(Beginning of Supplied information)

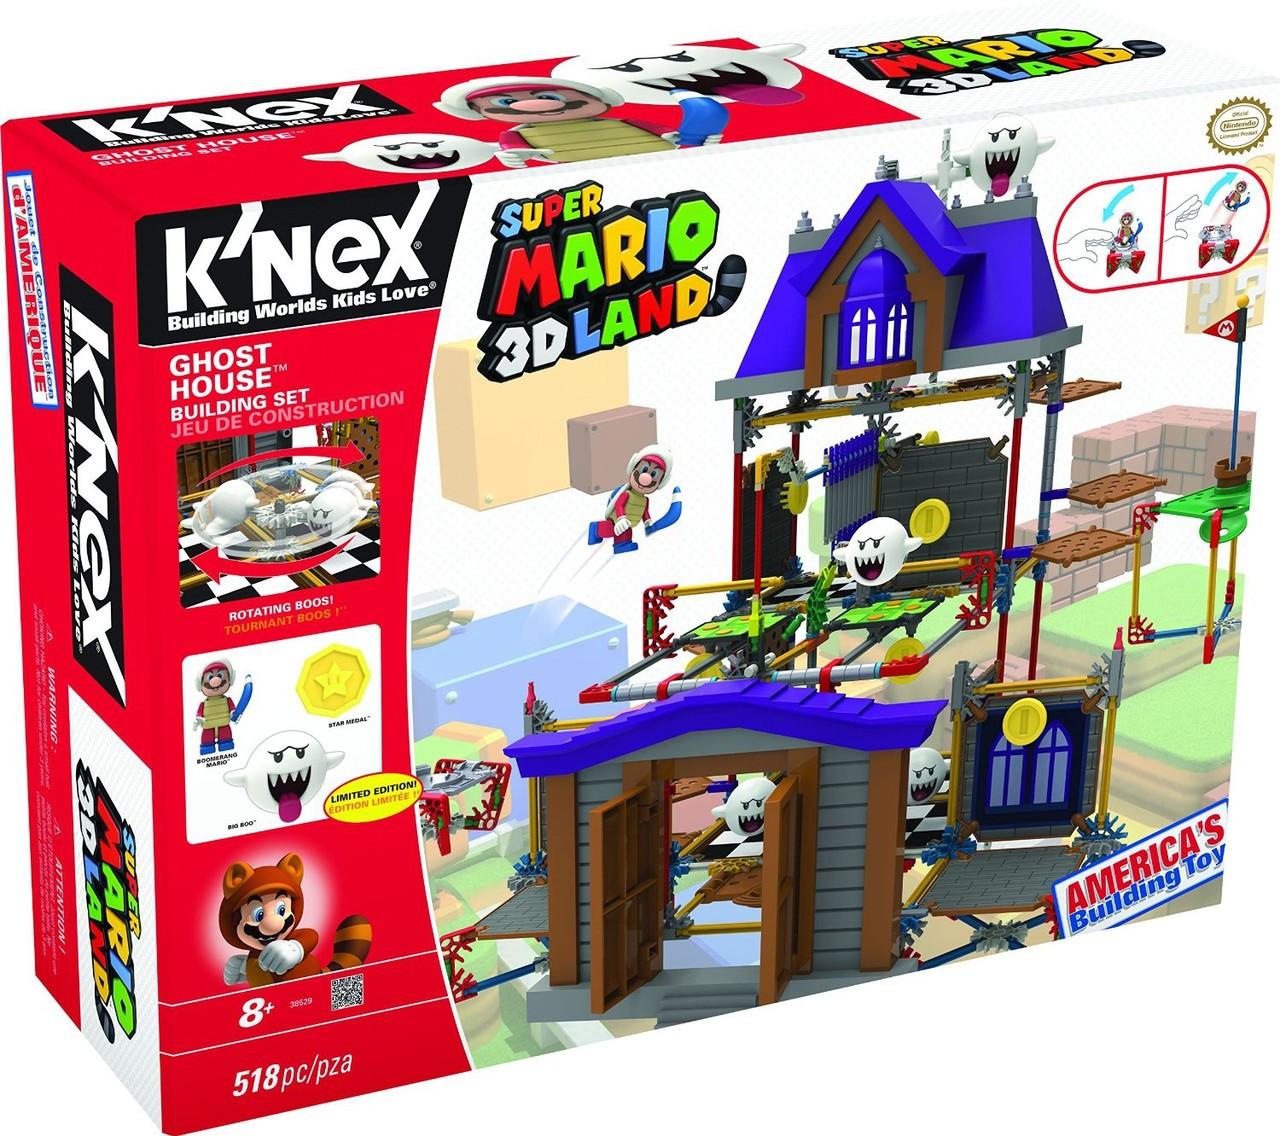 KNEX Super Mario 3D Land Ghost House Set 38529 - ToyWiz
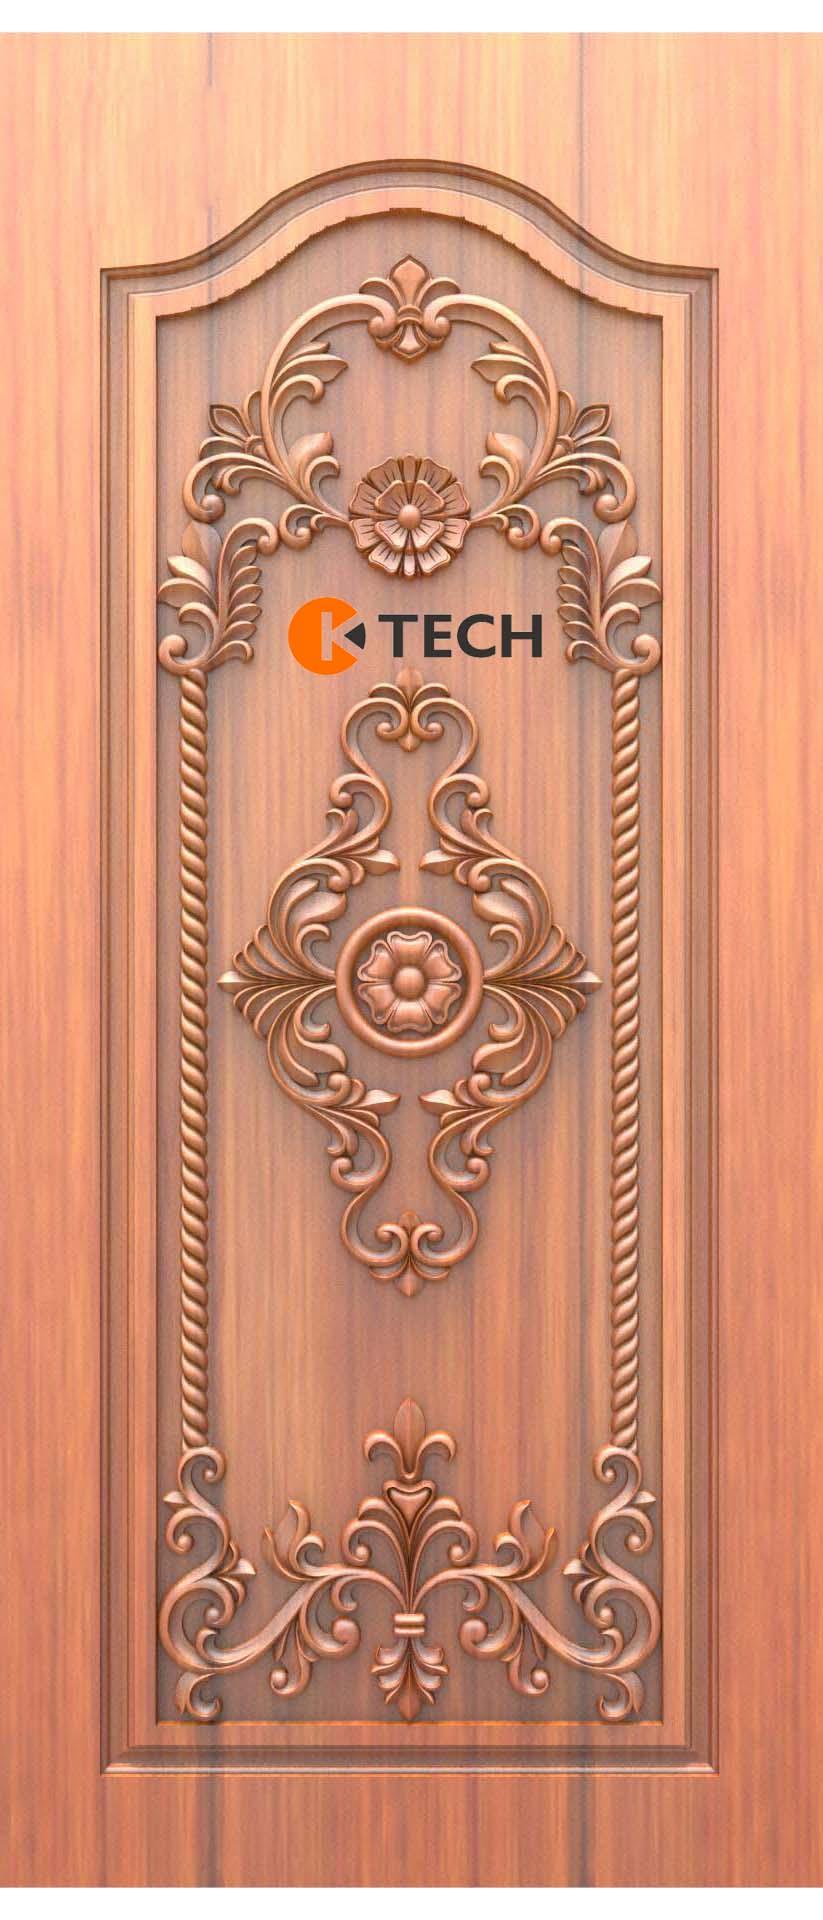 K-TECH CNC Doors Design 175
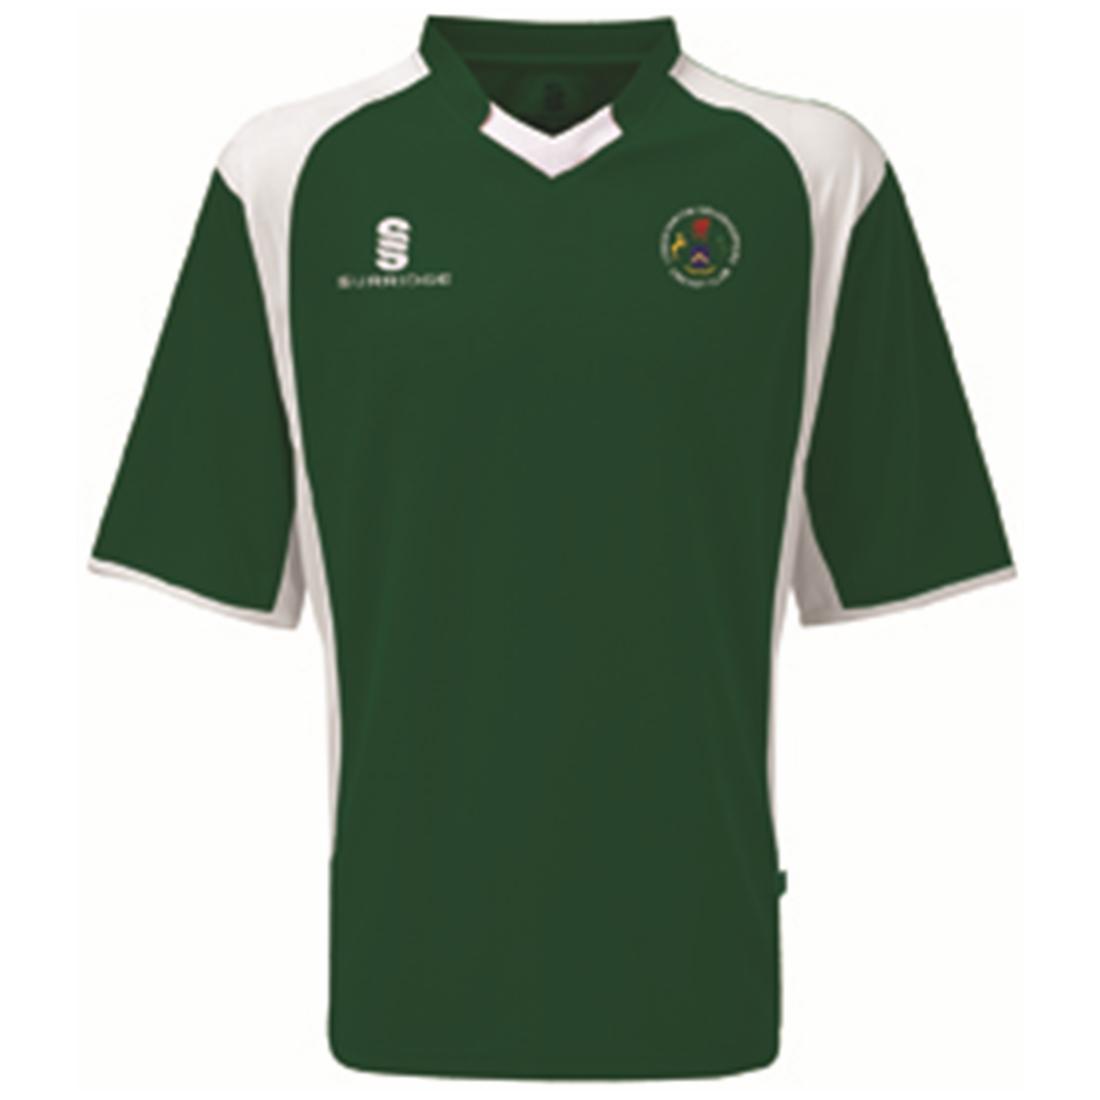 LGCC Training Shirt Jnr

(End of Supplied information)

§ What you are asked to do
In full and without any pictures, print the listing above exactly.

§ The answer
 KNEX Super Mario 3D Land Ghost House Set 38529 - ToyWiz
 K-TECH CNC Doors Design 175
 LGCC Training Shirt Jnr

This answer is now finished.